Letter

From Mr David McReynolds, New York City

(former Chair, War Resisters International, Socialist Party Presidential candidate in 1980, 2000) 9th October, 2003



The bombing within Israel which took twenty lives was tragedy enough, but the Israeli response - the air strike on Syria, is, for those who were sitting on the fence, a final straw.



First, no one who cares about peace applaud attacks on civilians anywhere, whether on Palestinians by Israeli air strikes, or by Palestinians on Israelis within its 1967 borders. Those of us who reject violence as a method of social change would go further and oppose the use of violence even against the Israeli civilians and military within the Occupied areas of Gaza and the West Bank, but do so with the understanding that it is more honorable to fight and die struggling against an oppressive Occupation than to submit quietly.



Second, I wish there was a "Palestinian Gandhi" who could lead a march of Palestinians, starting from the compound where Arafat has been confined to the seats of Israeli power, and that the organizers could call upon international forces to join that march. But those of us who choose nonviolence cannot impose that tactic and that strategy on others. Each group that is oppressed will struggle in its own way.



No Israeli (and no supporter of Israel anywhere in the world) has the right to condemn suicide attacks against Israeli forces in the Occupied Territory unless they have been even more forceful in condemning the Israeli Occupation.

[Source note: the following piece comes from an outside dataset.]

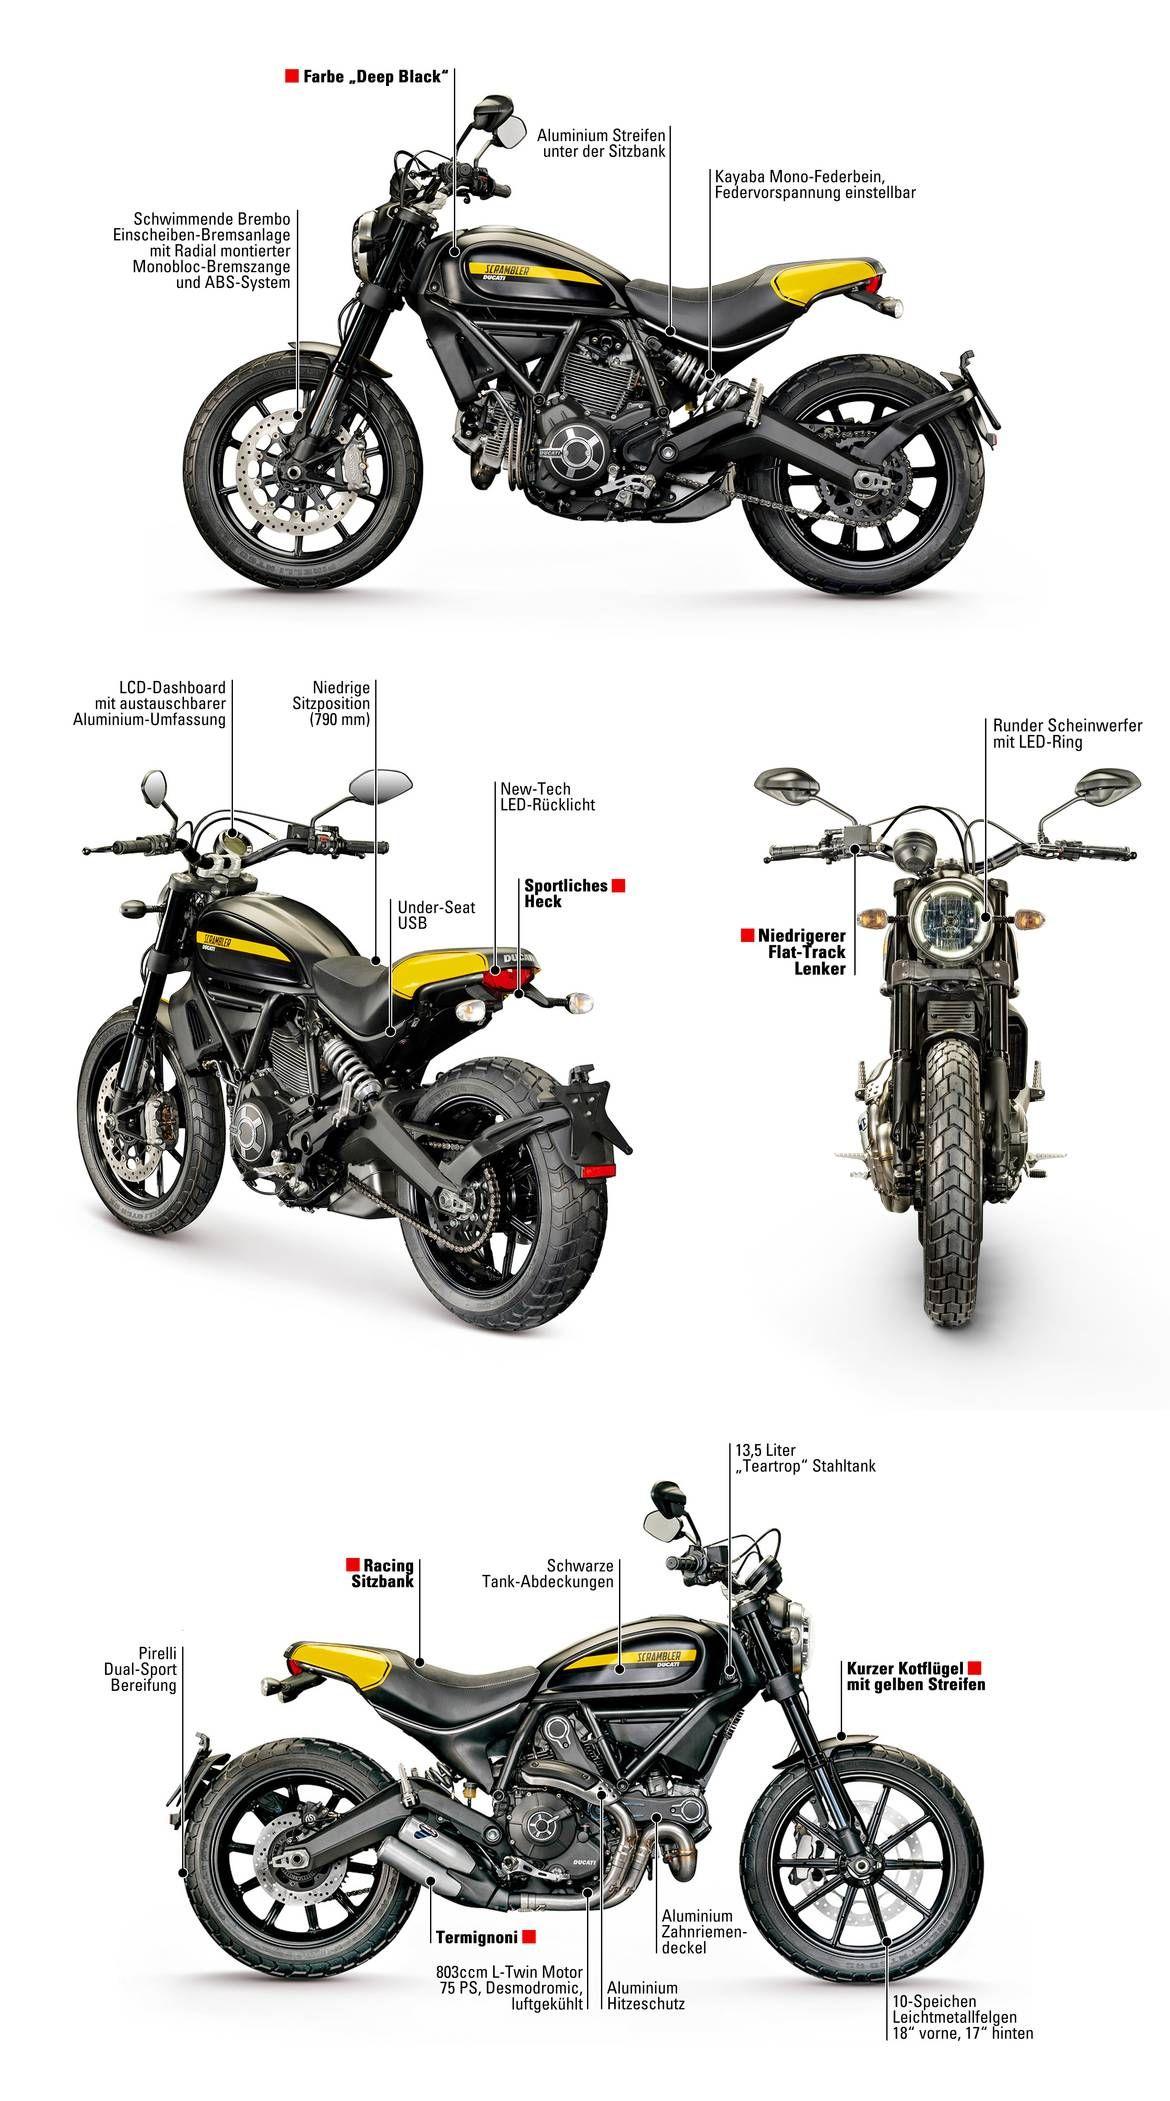 Ducati Scrambler 800 Full Throttle Abs

Third, the attack on Syria defies international opinion, violates moral and legal codes, is an act of aggression which should lead to more than a UN condemnation of Israel. It should lead to economic sanctions against Israel and, in the case of the United States, a categorical opposition to all US military and economic aid to Israel until Israel has dismantled every settlement in the Occupied Territory and withdrawn behind its 1967 borders.



Fourth, Israeli leaders have put the lives of the people of Israel at risk by pursuing a consistently brutish and cruel policy which has not resulted in peace for the Israelis, which amounts to a cultural genocide for the Palestinians, and which has clearly expanded the problem of violence and terror in the Middle East. The facts bear this out - it is not an opinion, it is a matter of record. Once and for all, the attack on Syria, coming as it does after the US invasion of Iraq (which was supposed to establish peace in the Middle East) suggests that Israel and the US are linked as outlaw states.



Fifth, we must be emphatic in "disconnecting" opposition to Israeli policy from anti-Semitism. To oppose Sharon is not anti-Semitic. If there is a "cause" of anti-Semitism in the Arab world (and indeed it is a profound tragedy that such anti-Semitism is widespread) it is a reflection of the actions of Israel. It is not the existence of Israel which occasions this widespread hostility but the actions of Israel against the Palestinian people, and in particular the Occupation.



Sixth, it is now folly for Israel and its defenders to refer to it as a "democratic state". It is not. Not so long as it denies elementary human rights - primarily the right of full self-government - to the Palestinian peoples can it lay claim to being democracy. Like South Africa before it, during the apartheid period, it grants real liberties to those in Israel, and one appreciates the fullness of debate within Israel, and rejoices at the sense of morality shown by so many Israelis. But when Israel denies similar rights to people over whom it has exercised control since 1967 it is clear that we are not dealing with a democratic state.



Seventh, it is very hard for anyone in the United States, which has violated international law so perversely and so widely, from Afghanistan to Iraq, from Indochina to Panama, to feel at ease in pointing the finger at another country - in this case Israel. Clearly we must oppose the actions of our own government first. Among those actions and policies, however, is the consistent support for Israel, backed by economic and military aid. If and when US military and economic aid is withdrawn from Israel then I would agree that Americans would have no more reason for concern with the policies of Israel than we do with the policies of countries in Africa, Latin America, Russia, etc. But it is precisely the deep links the US has with Israel which requires that we speak out on this issue.



These points must be carried into the Presidental arena by being raising with candidates from either party, at the national level and at the Congressional level.